Donald Trump is America: Why the bloviating billionaire is the national embarrassment we deserve

In all of his perversity, Trump represents everything corrosive and unequal about the good ol' US of A

Published August 6, 2015 11:58AM (EDT)

  (AP/Stephen B. Morton)
(AP/Stephen B. Morton)

It has always been well known that you do not have to be particularly intelligent to become rich in America -- sometimes all it takes is being born to the right person. Back in the Gilded Age, robber-baron industrialists like Andrew Carnegie and Cornelius Vanderbilt were largely uneducated, and made their fortunes with “street smarts” and ruthlessness, two traits that are invaluable in the darwinian world of capitalism.

Today, we have been reminded of this fact with the loud and unlettered bloviating of Donald Trump, who, lucky for him, was blessed with both an inherited fortune and an aptitude for ruthlessness. Over the past month or so, Trump has regurgitated every impetuous thought that has popped into his nitwitted mind, just to see how much attention he can possibly garner from the media. As the feeding frenzy progressed at a rapid clip, the Huffington Post decided to put all things “Trump” into their entertainment category, while the GOP establishment largely condemned him for his outlandish comments -- in particular about prisoners of war in Vietnam.

(Of course, Trump was too rich to risk his own ass in Vietnam.)

Trump, in many ways, is a “sideshow,” as Huffington Post said in justifying its decision to place him next to "True Detective" recaps. At the same time, however, he is the current front-runner in the GOP primary. Can we really discount the man as a joke if he is more than 10 points ahead of his next competitor, Jeb Bush?

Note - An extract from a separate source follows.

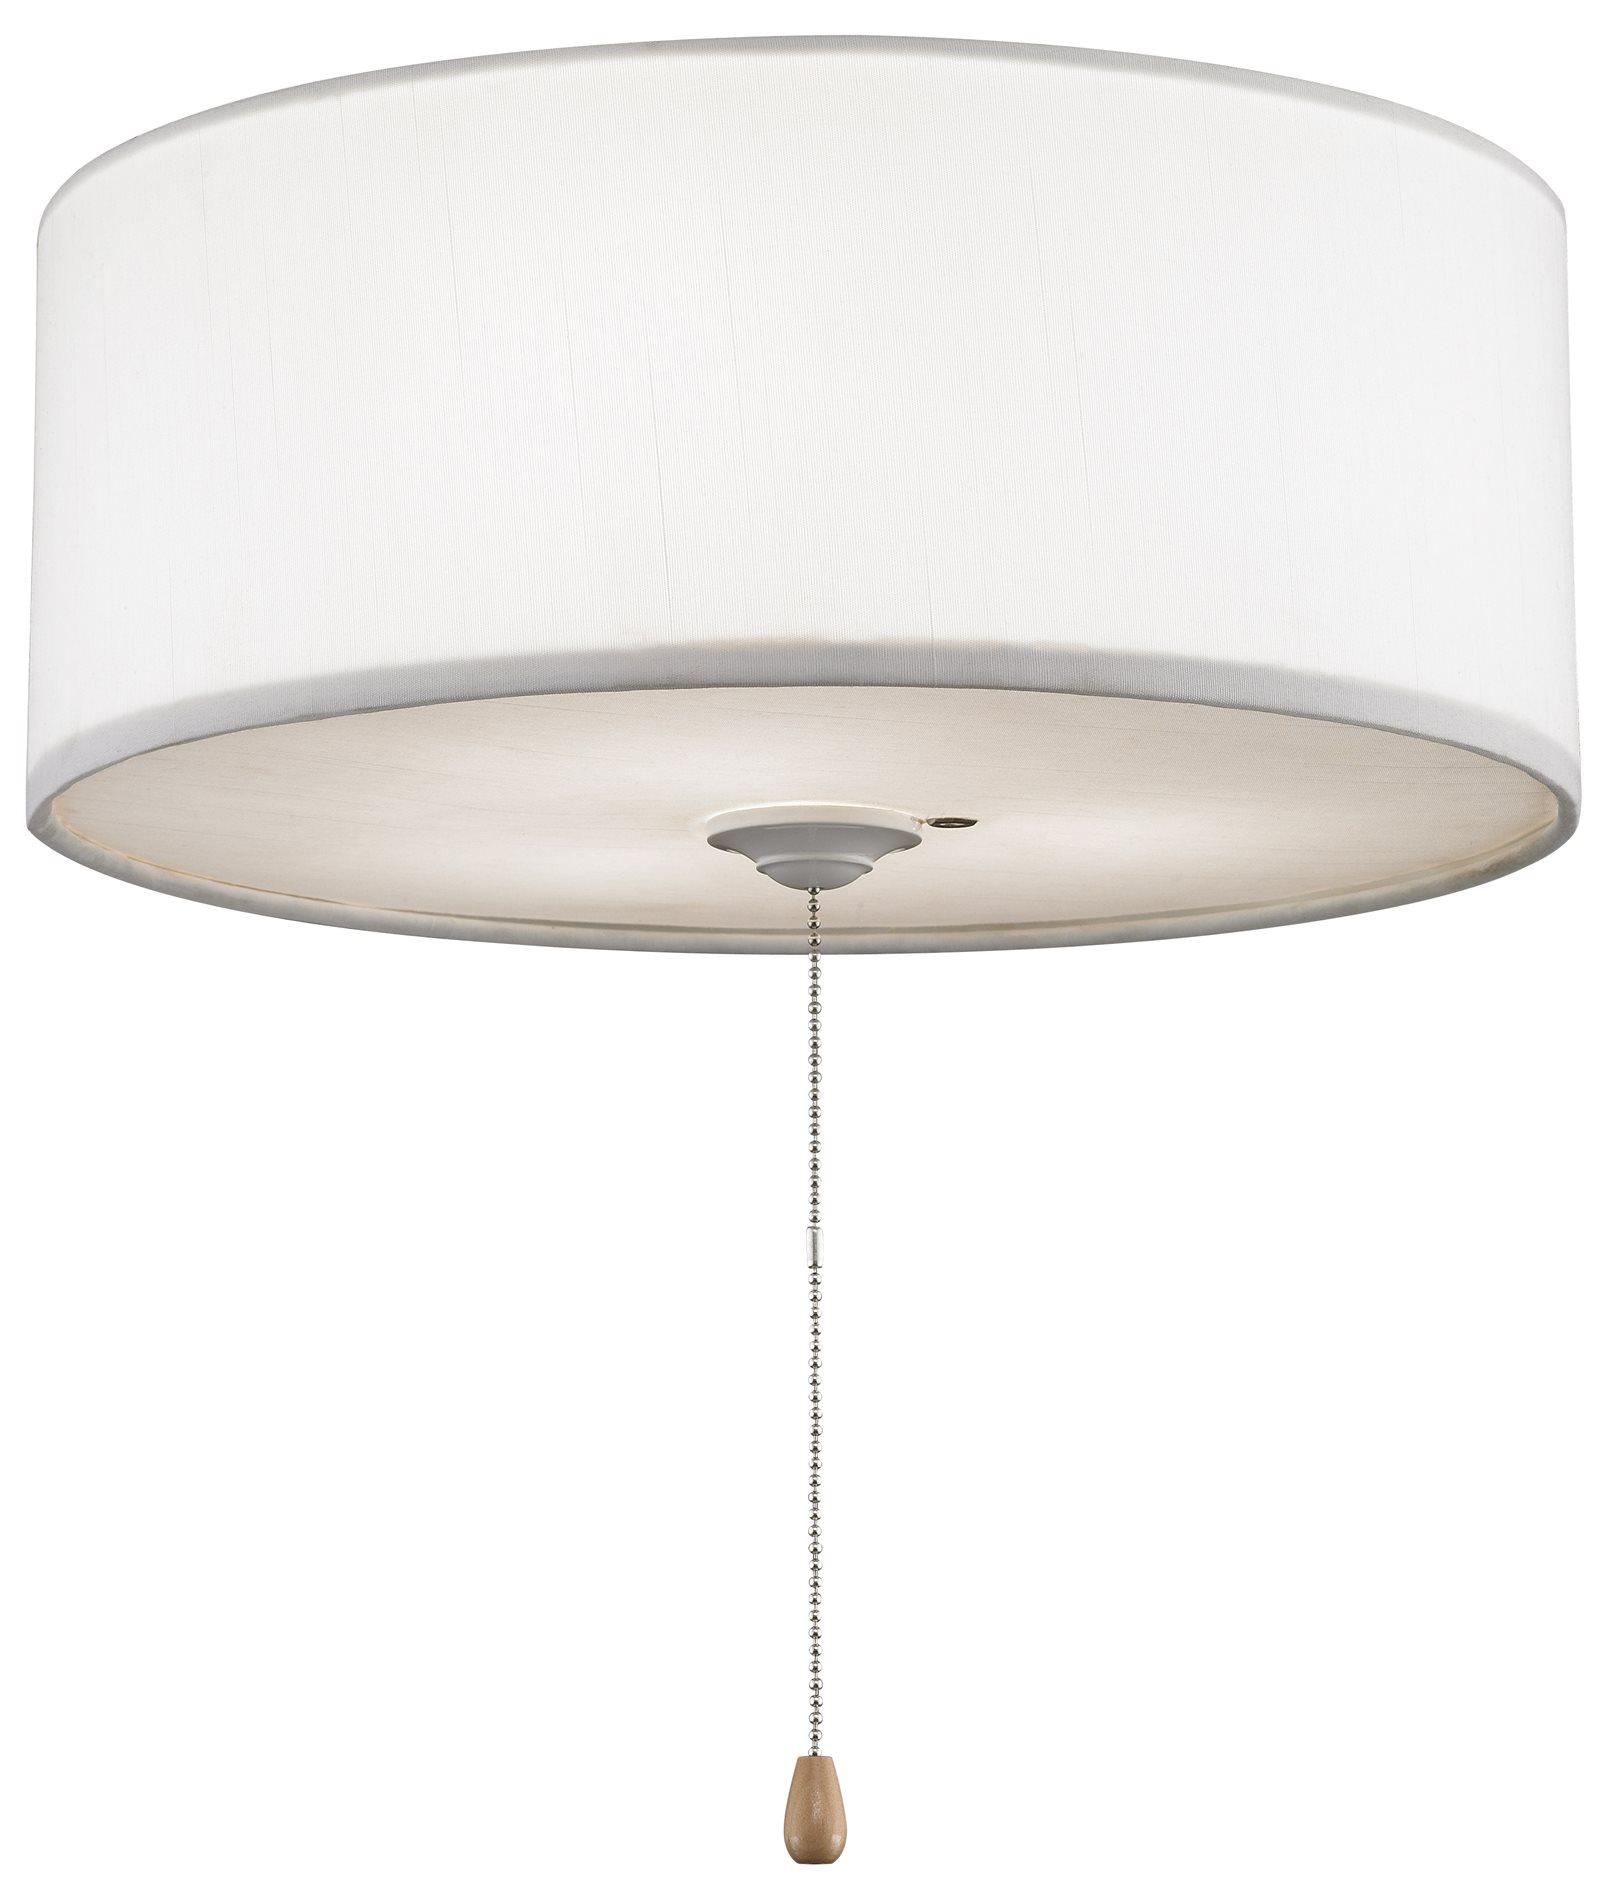 Fanimation Lk113 14 Quot Drum Lamp Shade Ceiling Fan Light Kit

While Trump is a great embarrassment to America, and is about as presidential as Archie Bunker, he is also a reflection of the current state of our culture -- a culture that embraces mindless materialism and entertainment, while shunning deep thought and intellectualism. It is a culture that has been ransacked by consumerism and corporatization, where our universities have been transformed into careerist trade schools rather than places where young people go to broaden their horizons and learn how to question things, including authority.

Today, the most popular major in college is business, a field that not too long ago required little to no education, and where the wealthiest individuals were successful because of their amoral and cutthroat tendencies, not because of what they learned at the university. The mind-set that the majority of young people are sent off to college equipped with is "How much money will this education allow me to make," and "Will this major get me a job right out of college." At the same time, colleges have become completely corporatized. Tuitions have skyrocketed over the past decade (enslaving low-income students with debt), and at the "elite" schools, this is reflected by the proportion of rich to poor students: 74 percent come from the top quarter of the socioeconomic scale, while only 3 percent come from the bottom quarter. Meanwhile, “administrators” have become as well paid as corporate executives, while tenure for professors is in decline.

No longer are students taught to question systems or authority, but to become worker bees for the corporate state economy. (Who knows, maybe some will be lucky enough to work for Trump!) Moral values and autonomous thinking are no longer expected to be promoted in higher education. This, of course, goes way beyond modern universities, which are just features of the corporate state.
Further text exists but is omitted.